# Reel tips, Day to day maintenance-Fresh or Salty



## Coasttackleservice (Jul 21, 2010)

Many of the post I have been seeing below can be answered very simply. 
Most Fishing reel problems and Costly repairs in either Fresh or Saltwater can be avoided by following these simple routine practices by the angler.

1. Do not over fill your spool. I get countless reels into the shop that have been overfilled to the point that the line has been allowed to roll over the lip of the spool and damage either the brake system or the pinion gear and bearings. This can also cause problems with the level wind and idle gears. To get the most out of your reel make sure to fill the spool to within 1/8-1/4” inch of the spool lip. Always put a monofilament line backing on reels spooled with braid. Most of the reels I get into the shop with over run issues and drag complaints are a simple but costly repair. Remove the braided line and install a cheap monofilament backer or even Teflon Plumbers tape on the spool before filling. This is also a good practice for drilled or “wiffle” type spools to prevent contaminants such as sand or salt into the reel by way of the spool. The bearings are on the spool shaft and the first thing these contaminants get to is the bearings. Then you run into problems with your cast control brakes and pinion gear and Clutch system.

2. Always lightly rinse your reels with FRESH water after use and put oil in the level wind (Worm Gear). Just let plain tap water run over the reels. Do not spray or force water onto the reels as this allows contaminates to be forced into the inner workings of the reel and can cause major damage or ruin the performance of any reel. Use good quality reel oil on the handle grips (Remove the plugs with a bent paper clip) inside the grips and at the base where they join the handle. Put four drops of oil into the level wind and give the reel a spin or two. One drop of oil in each spool bearing. Wipe the outside of the reel down with something like Rem Oil or something similar. Never use WD40 anywhere around a reel. Do not oil the spool shaft or the hole in the pinion gear that the spool goes into.
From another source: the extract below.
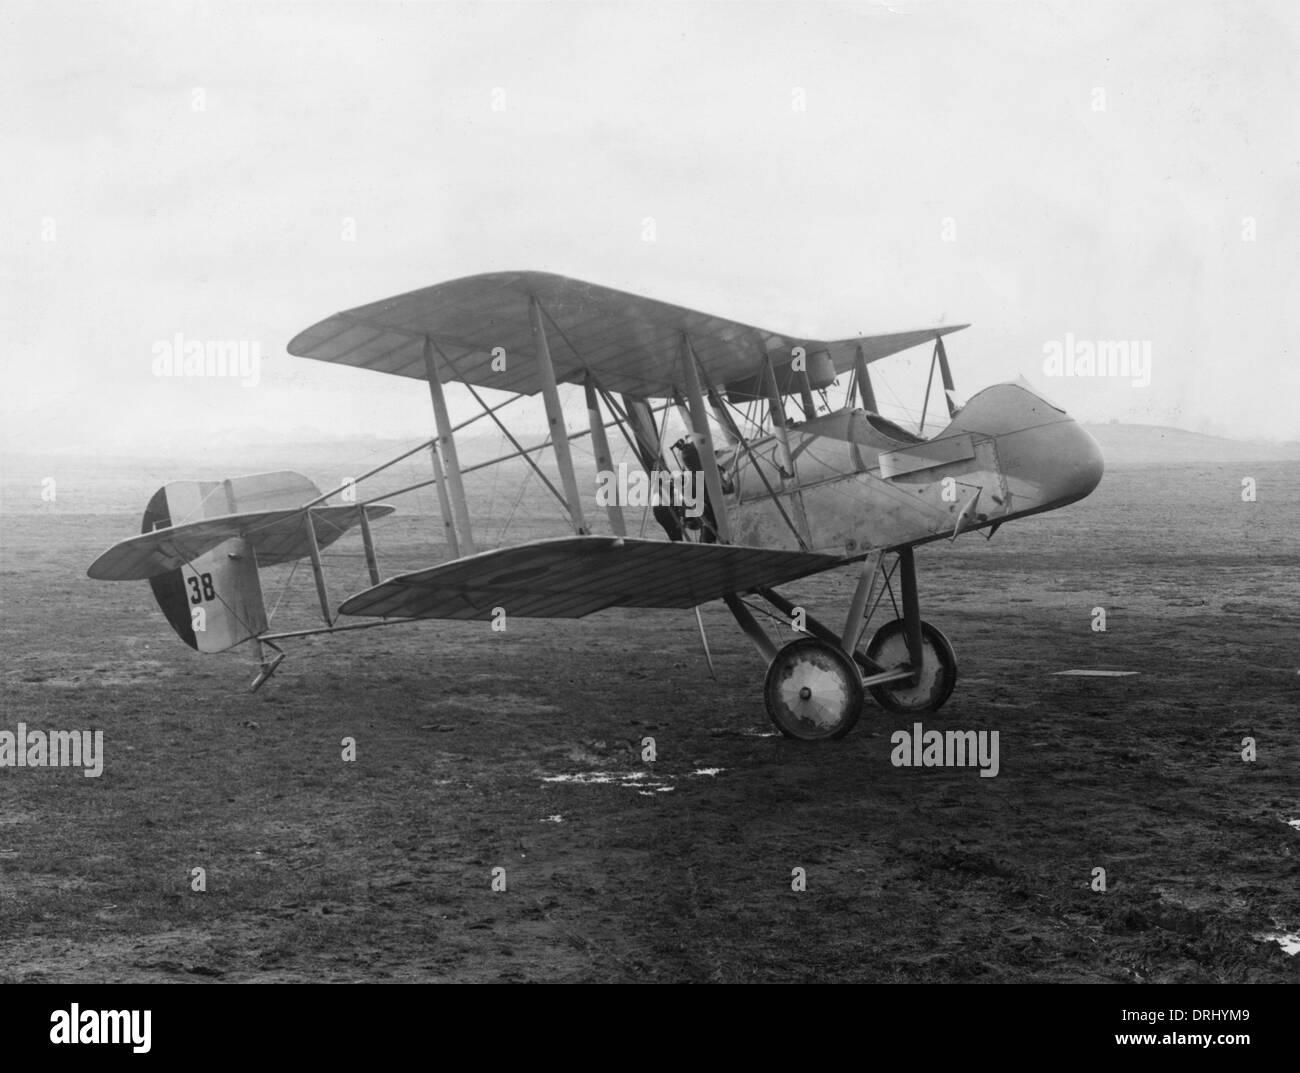 Airco DH2 De Havilland biplane on an airfield, WW1 - Stock Image

Take a Cotton swab and pull off the excess cotton until it fits inside the pinion gear and wipe out any dirt or oil that may be in the gear hole. Any trash, oil or contaminants interfere with the free spool of the shaft through the pinion gear. The manufacturers allow proper tolerances in most cases so the spool shaft should not even touch the shaft during the cast.

3. Annually get your reel professionally cleaned and checked out. This is paramount to the longevity and performance of your reel. (More if in salty or muddy water or trailering with your reels on the deck)

I hope these few hints will help a few of you guys out and save a fishing trip for you. Tight lines.


----------



## Fish-n-Fur (Apr 2, 2009)

Good tips. Rinsing off everything after every trip with fresh water (sometimes a pain when I'm tired/whipped/backache, but ALWAYS worth taking the time) has been my ultimate reel and gear "lifesaver" over the years. :thumbsup:


----------



## Neki (Jun 29, 2011)

Give em a shake after rinsing! Its amazing how much water can be trapped in the housings of a spinning reel. The standing trapped water would otherwise take days to evaporate. Back off of the drags right after shaking off. Dont try to wait til after the reels dry, You'll most likly forget and compress the washers over time.


----------